The wishbone will help your 3 wheel and not affect hopping at all in a negative way. a 4 link will always be more stable but with limitations on pinion angle. with 12's in the ass it could go either way but if you ever go bigger you might regret the 4 link. and with a wishbone you can go as high as you want because its pulling straight instead of out at the angle of the top 2 links. As far as the sway problem. some people like to build these sloppy slip wishbones and they have a lot of play because its a tube inside another. Get a good one and you will be more than happy.


----------



## ~DROPITLOW~ (Oct 28, 2010)

allwest said:


> Good looking out on the info,,im trying to pick between the wishbone or making a 4 link,any other info,advice or tips are welcome.
> (im putting 12's in the ass),
> also what affect if any does the wishbone have on hoppin and 3 wheeling??


:roflmao::twak:


----------



## lo68impala (Jan 26, 2006)

i got one on my 64 with 14's in the rear and 8 batteries in the trunk and my car sways like crazy. i know mine is installed right and built right .


----------



## lo68impala (Jan 26, 2006)

:dunno:


----------



## allwest (Sep 28, 2011)

lo68impala said:


> i got one on my 64 with 14's in the rear and 8 batteries in the trunk and my car sways like crazy. i know mine is installed right and built right .

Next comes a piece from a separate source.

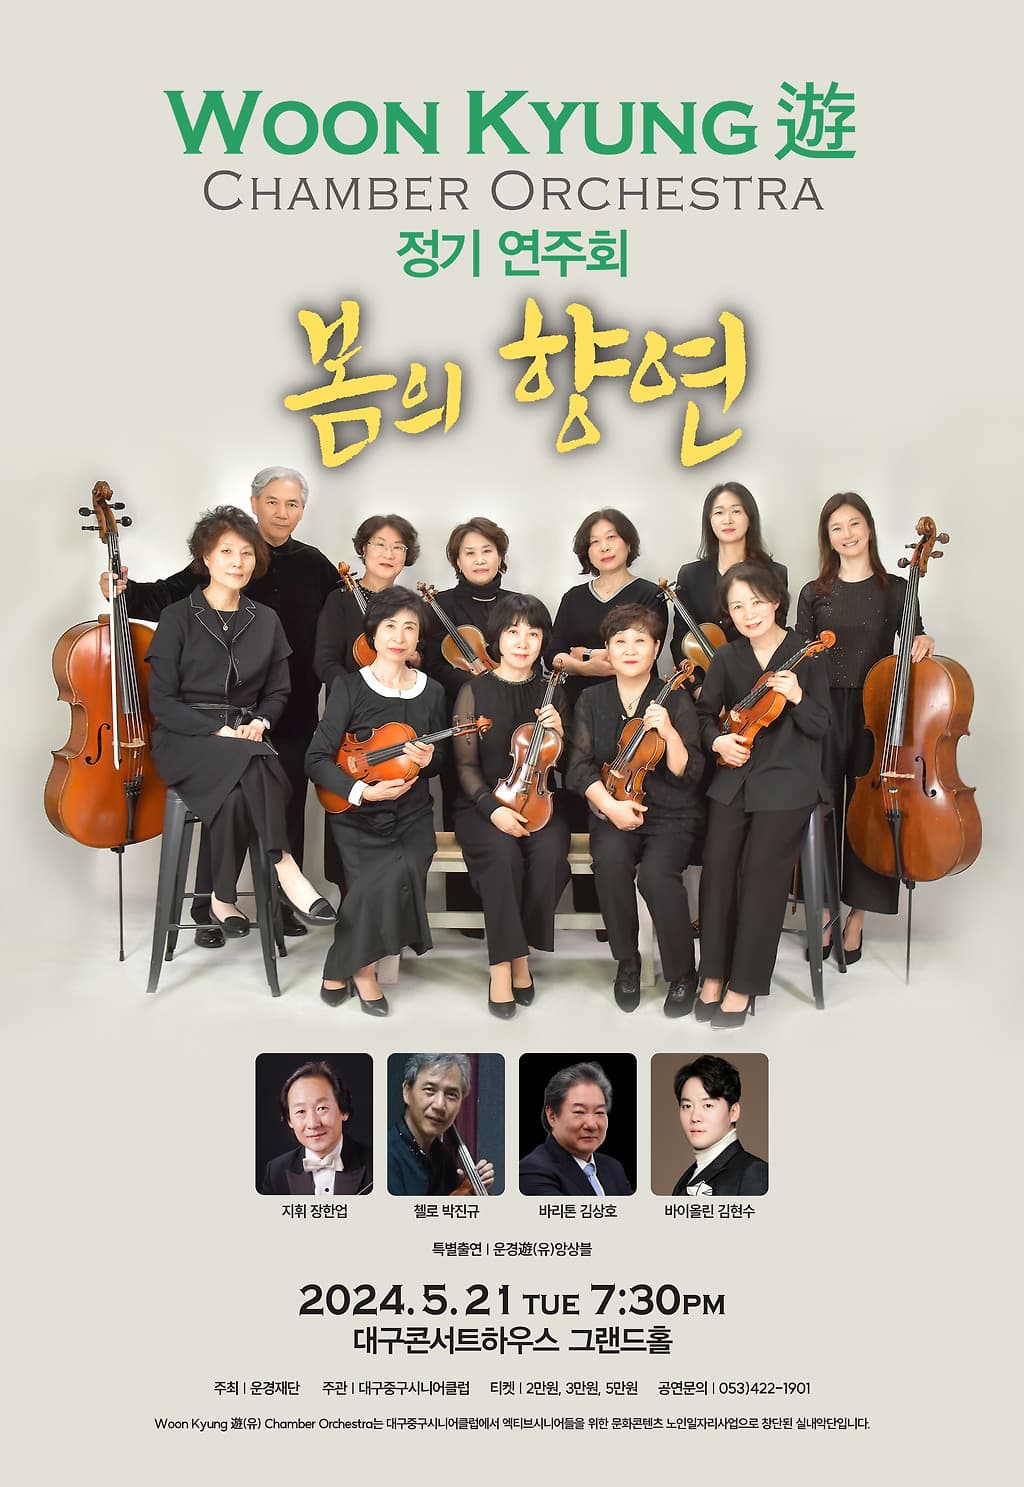 [대구] Woon Kyung 遊 CHAMBER ORCHESTRA 정기연주회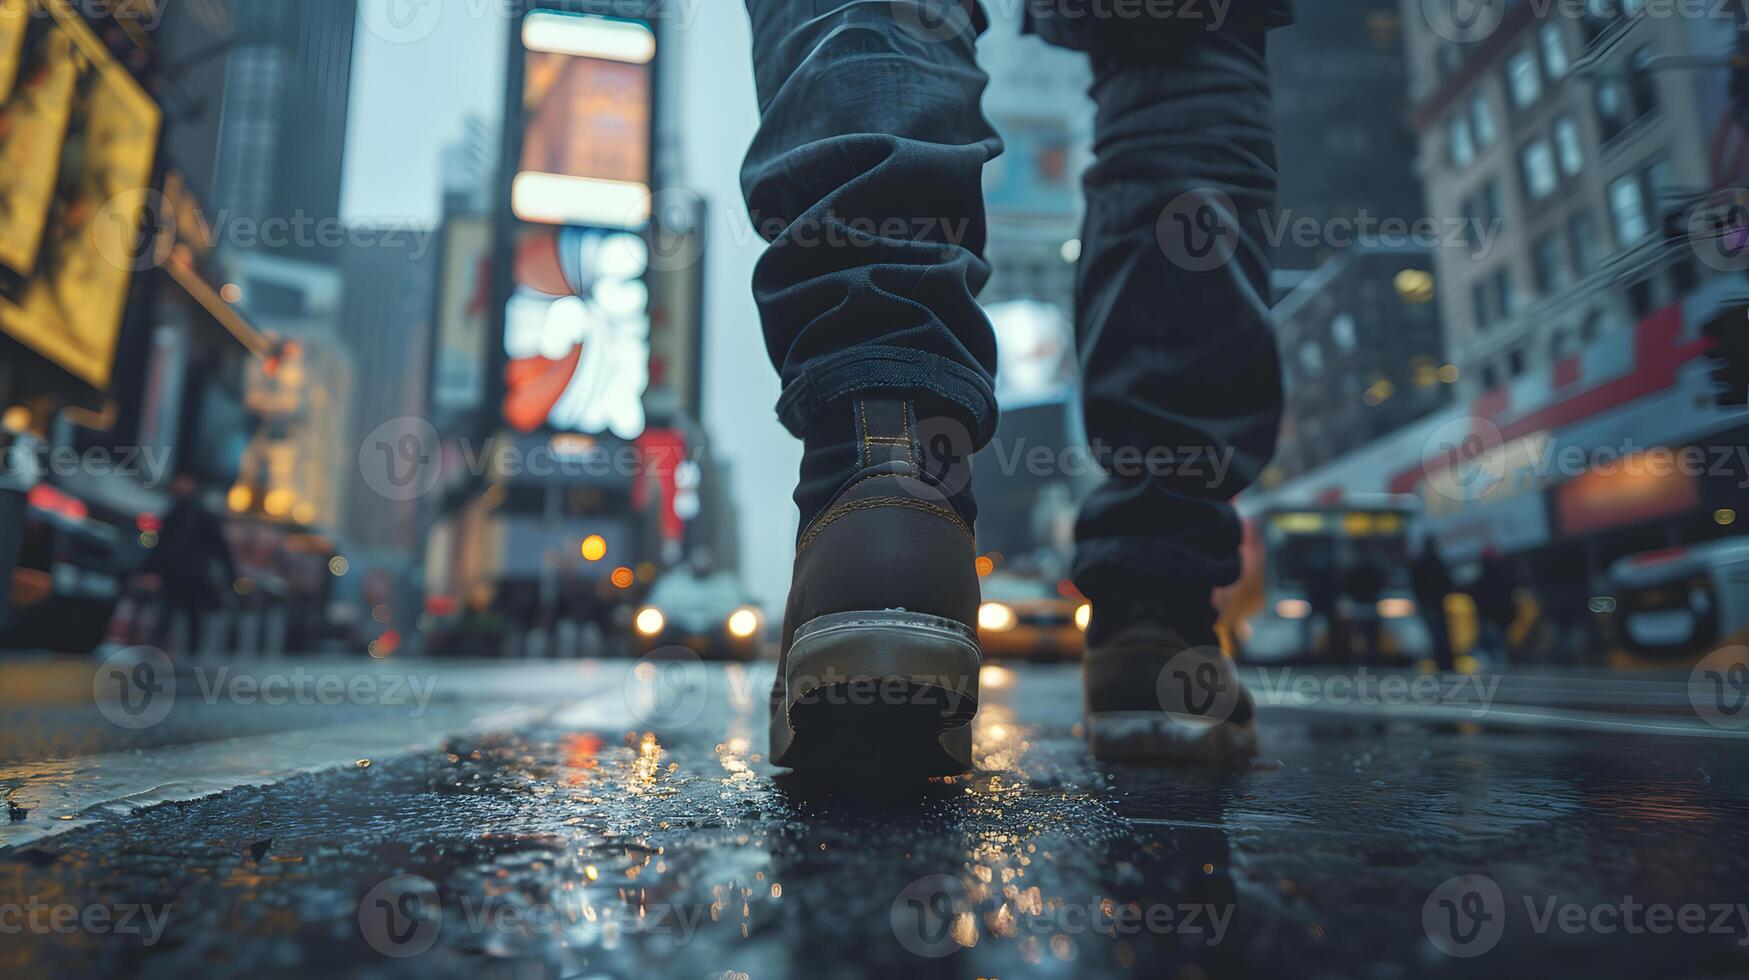 en mannens fötter i skor promenad längs en upptagen gata i en stor stad. neuralt nätverk foto

thats what im afraid of ,,, how was it set up before the wishbone and was that better,,do you have any pics of your rearend??


----------



## northbay (May 7, 2005)

john at ryderz makes a bad ass y bone that wont let your car sway and still gives you a high lock up and not sway.


----------



## 84ImpalaFinishaDream (Dec 29, 2003)

maybe its me but what is swaying to folks cuz. i have a 63 with a wishbone and 12"s on a half stack.it if not full locked up like 1/2 way to 3/4 just sitting still and pushing on the side as for driving it is more then a wishbone problem. as for my car when it does that i know that there is something wrong in the front end tie rods ball-joints exec.. again not real sure what you mean by swaying


----------



## lone star (May 22, 2003)

if u think an impala on 13x7s with tires that belong on a toyota tercel, about 800 extra pounds in the trunk plus another 1000 extra pounds worth of racks and reinforcement isnt going to sway when u do 65mph and try to change lanes, then you have never drove a lifted impala. i didnt notice any difference in handling from panhard bar vs wishbone. u will get a better lock up and lay out if it is installed correctly though.


----------



## yaboirimp (Sep 5, 2008)

i have a 4link in mine. from my experience with all the lowriders i have had. normally it will sway when locked up to high. find the balance in weight to correct ur problem. my impala rides fine til it is raised to high. wether wishbone or 4link. we all have moving suspension. either way, if we are daily, we are going to affect our cars performance over time.


----------



## allwest (Sep 28, 2011)

84ImpalaFinishaDream said:


> maybe its me but what is swaying to folks cuz. i have a 63 with a wishbone and 12"s on a half stack.it if not full locked up like 1/2 way to 3/4 just sitting still and pushing on the side as for driving it is more then a wishbone problem. as for my car when it does that i know that there is something wrong in the front end tie rods ball-joints exec.. again not real sure what you mean by swaying


,,,,thamks for the input jus lookin for insight bfore I get one
,,i know any rider is gonna have some sway but I know of someone wit a trey wit a wishbone and he cnt keep the car straght to save his life LOL! And he said it startd after the wishbone,,sounds lik it may jus be him or his car


----------



## 3whlcmry (Dec 17, 2004)

I have a 63 with 2pumps 4 batts and a blackmagic wishbone and i get on the expressway all the time with no sway and no problems. I even pass a couple of slow drivers but i driver it at stock height and not to high.


----------



## TxGalaxie64 (May 21, 2011)

Anybody 3 wheel with a 4 link? I dont understand how the bars dont twist out of there mounts if you lock one side up and drop the other. The only 4 link info i can find is for mini trucks or rock crawlers, no help for me there.


----------



## BlackMagicHydraulics (Sep 21, 2003)

We've done them all 3 ways... I've done some 4 links, that are super Bad-ass, and we've been the ones who brought the wishbone to the public, and we redefind the Y-bone. 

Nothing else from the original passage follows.